[Scheduled Actions V2] Invoker logic #7152

lina-temporal · 2025-01-23T20:48:10Z

What changed?

The Invoker (start workflow) logic is added for HSM scheduler.

A few differences between workflow scheduler and HSM scheduler execution logic:

A ProcessBuffer task is 1:1 with a call to ProcessBuffer; draining is not attempted more than once on the same task.
Any time processing indicates that a delay must be taken (rate limiter, exponential backoff..), another ProcessBuffer task is scheduled to wake after the delay. ProcessBuffer is used to drive retries.
- In the event that some external event must occur for execution to continue (such as a running workflow closing), the Executor is transitioned to waiting/idle, and no further action will be taken until another state machine wakes it back up.
Each BufferedStart has its own Attempt and BackoffTime to manage retries.

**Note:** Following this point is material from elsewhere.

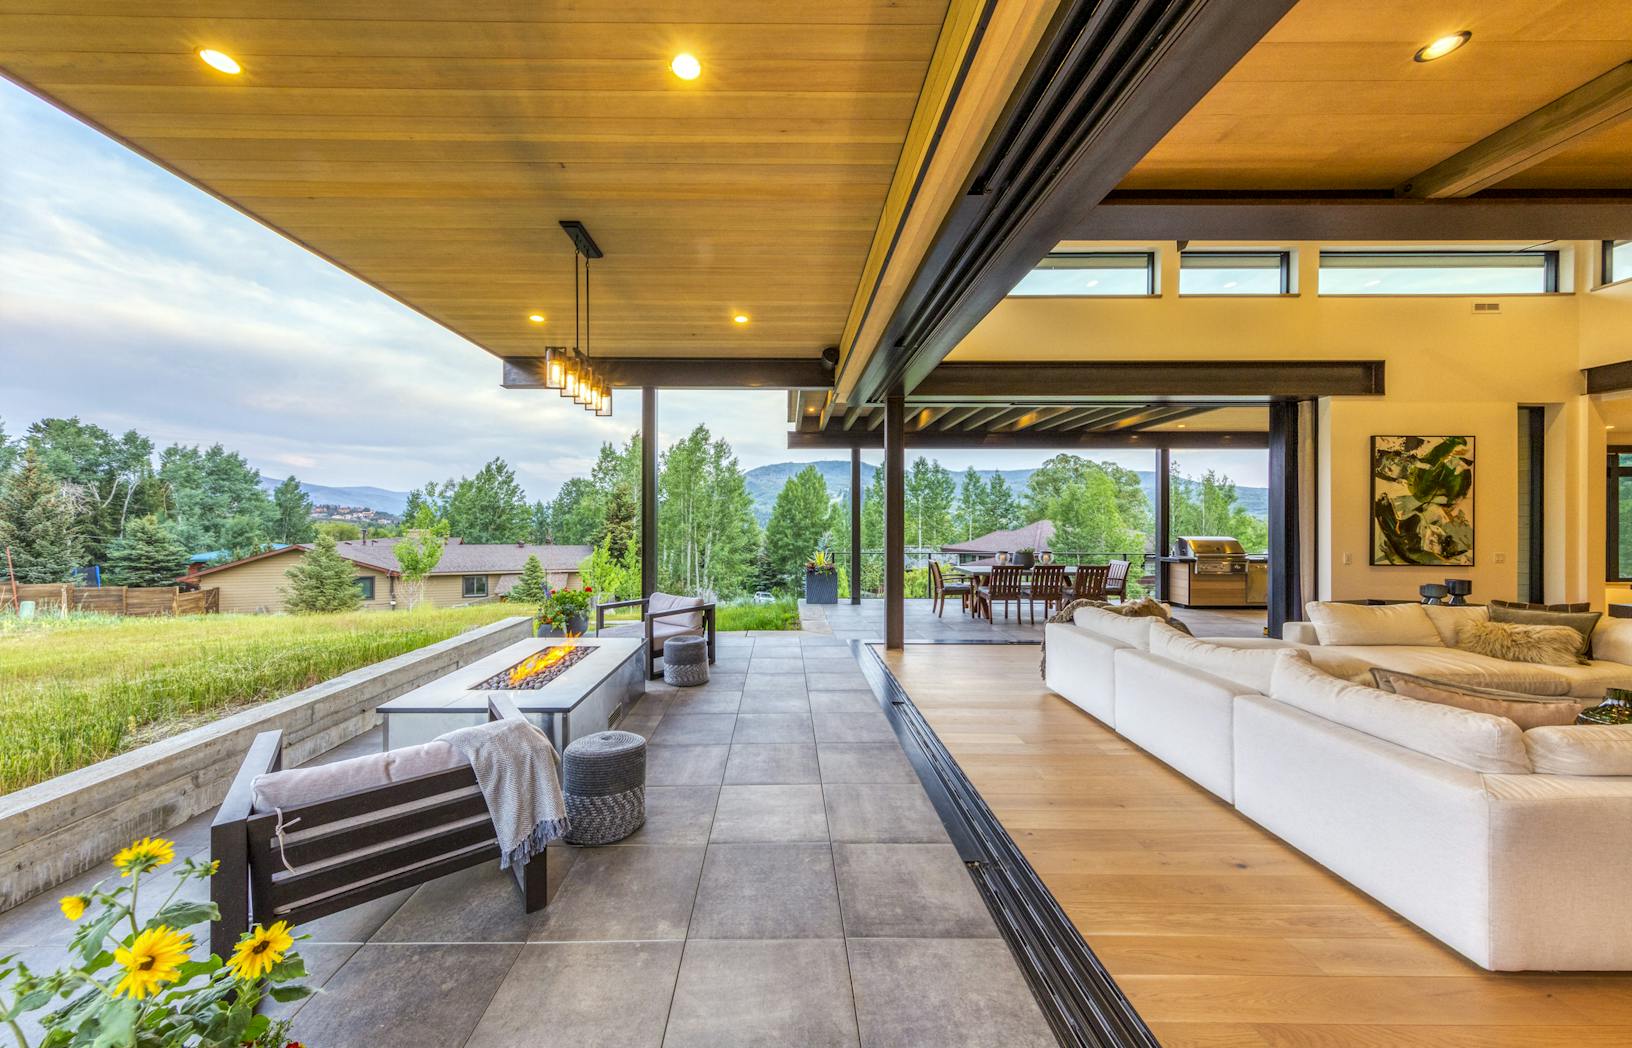 A modern home with a large deck and outdoor furniture

The Execute task is therefore idempotent.
- HSM Scheduler can therefore continue to accept API calls while a BufferedStart is retrying, and each individual BufferedStart can make retry progress without having to hold a workflow lock.
startWorkflow, terminateWorkflow, and cancelWorkflow are no longer called within local activities. Instead, they are called with a short (5 sec) deadline within the Execute task.
A single Execute task is generated whenever there are BufferedStarts, CancelWorkflows, or TerminateWorkflows available for execution. An Execute task will only ever make a single attempt on each work item before rescheduling a ProcessBuffer task.
- Execute task completion will always schedule a ProcessBuffer task after completing work (unless the Execute task was a no-op). This is to avoid a race condition between reading the Invoker's current state, and choosing a transition (because applying a transition necessitates mutating the state field, which I'd rather just leave as-is).

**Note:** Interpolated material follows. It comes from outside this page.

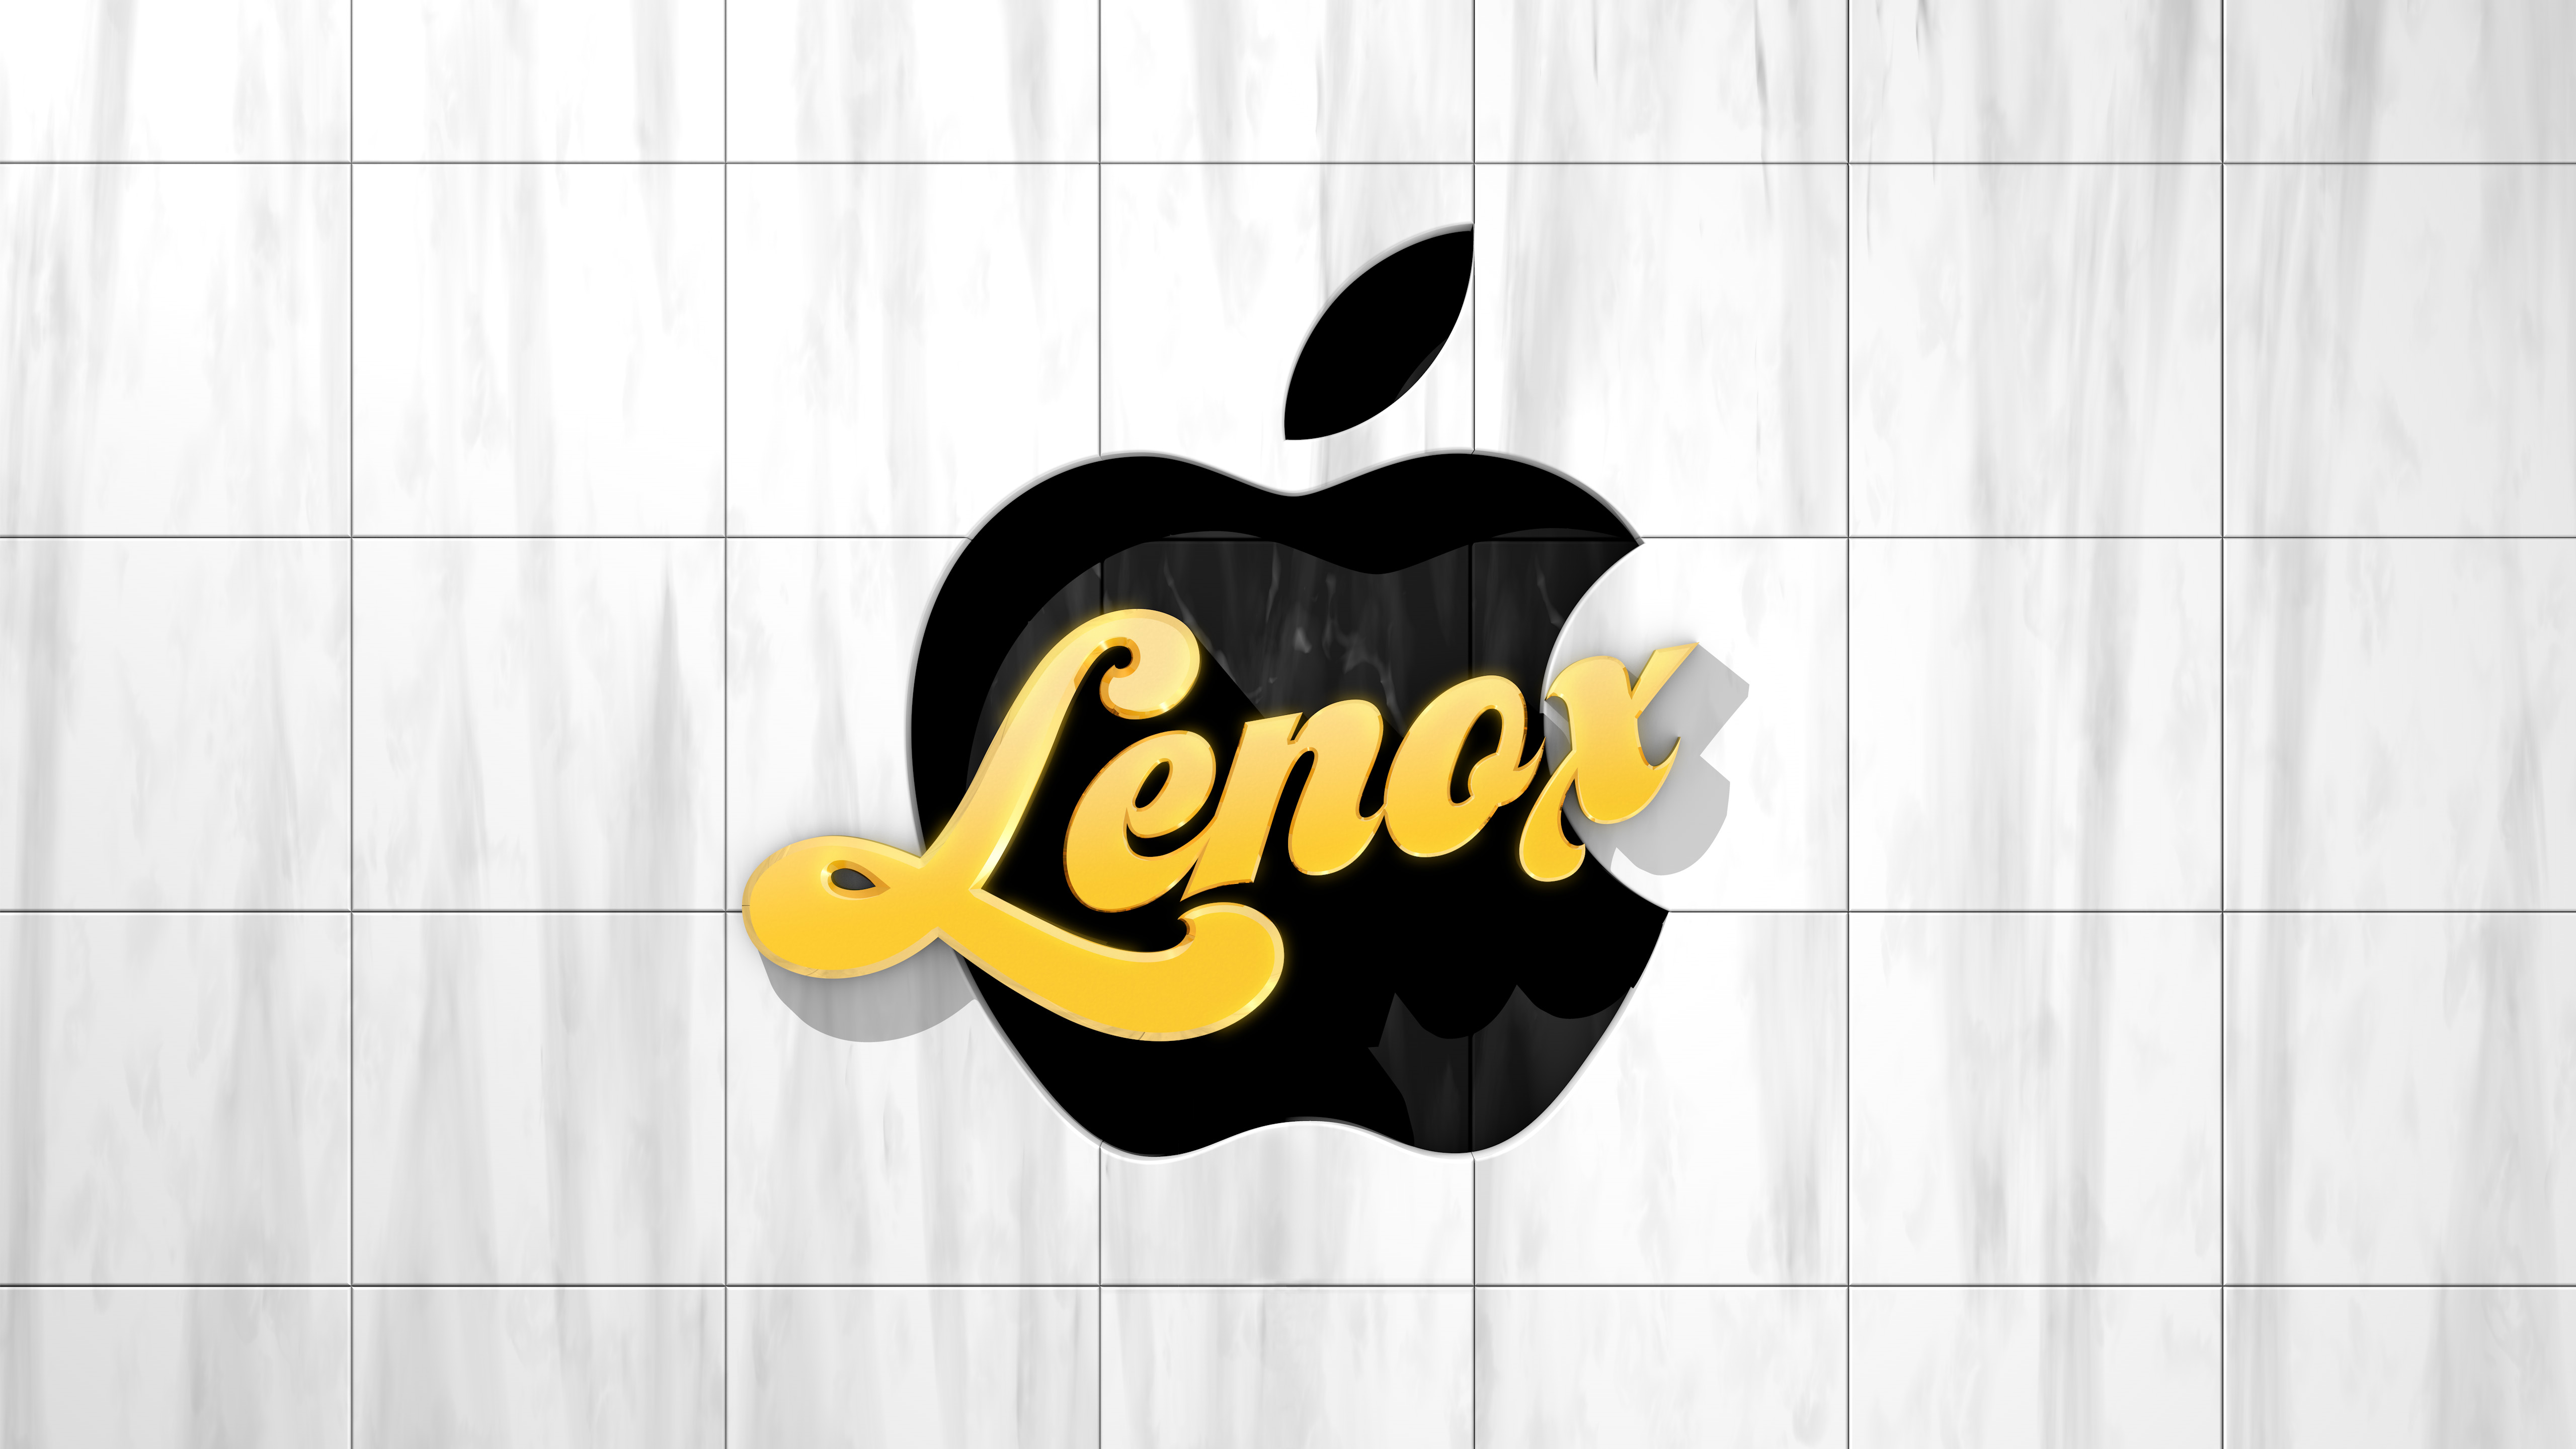 Tomorrow's News Today - Atlanta: [EXCLUSIVE] Apple Targeting September 2020  Opening for Flagship at Lenox Square

Still missing in HSM Invoker:

Workflow Watcher support. This is something we don't plan to touch until the CHASM port over.
- This implies LastCompletionResult also isn't wired up
Rate Limiter support

How did you test it?

New tests
go test -v && make lint

Potential risks

HSM scheduler isn't presently deployed

lina-temporal · 2025-01-23T20:50:43Z

components/scheduler/executor_executors.go

+		FrontendClient workflowservice.WorkflowServiceClient
+	}
+
+	executorTaskExecutor struct {


I'm not sure about how everyone else feels, but this name makes my eyes bleed. At the same time, I didn't want to be inconsistent with other HSM naming. Maybe the path of least resistance is to just use a few synonyms for this? Like, starterTaskExecutor (and rename the state machine to Starter.. or something like that). Really open to suggestions. Ditto for renaming the tasks. In general I'm not satisfied with the naming.

It's not just a starter though, right? Will this also e.g. terminate workflows? You can call it an invoker maybe?

True, it also terminates/cancels as needed. Invoker works for me!

lina-temporal · 2025-01-23T20:52:08Z

components/scheduler/executor_executors.go

+	}
+
+	// TODO - set last completion result/continued failure
+	// TODO - set search attributes


I don't think there's anything blocking me from passing the search attributes through to StartWorkflowExecution, I just hadn't closed off the TODO. Will follow up.

bergundy · 2025-01-24T01:08:53Z

Rate Limiter support. The existing rate limiter acts per-namespace (given it is part of per-NS worker), and I'm not sure of the right way to wire that into an HSM executor (which is scoped wider than a single namespace).

You can keep a rate limiter in the executor. If the rate limiter is out of tokens, you'll have to back off either by failing the task, or committing any pending progress and adding a persistent timer task. It's dependent on how long you need to wait for the next token. Do not wait on the rate limiter in the shared executor.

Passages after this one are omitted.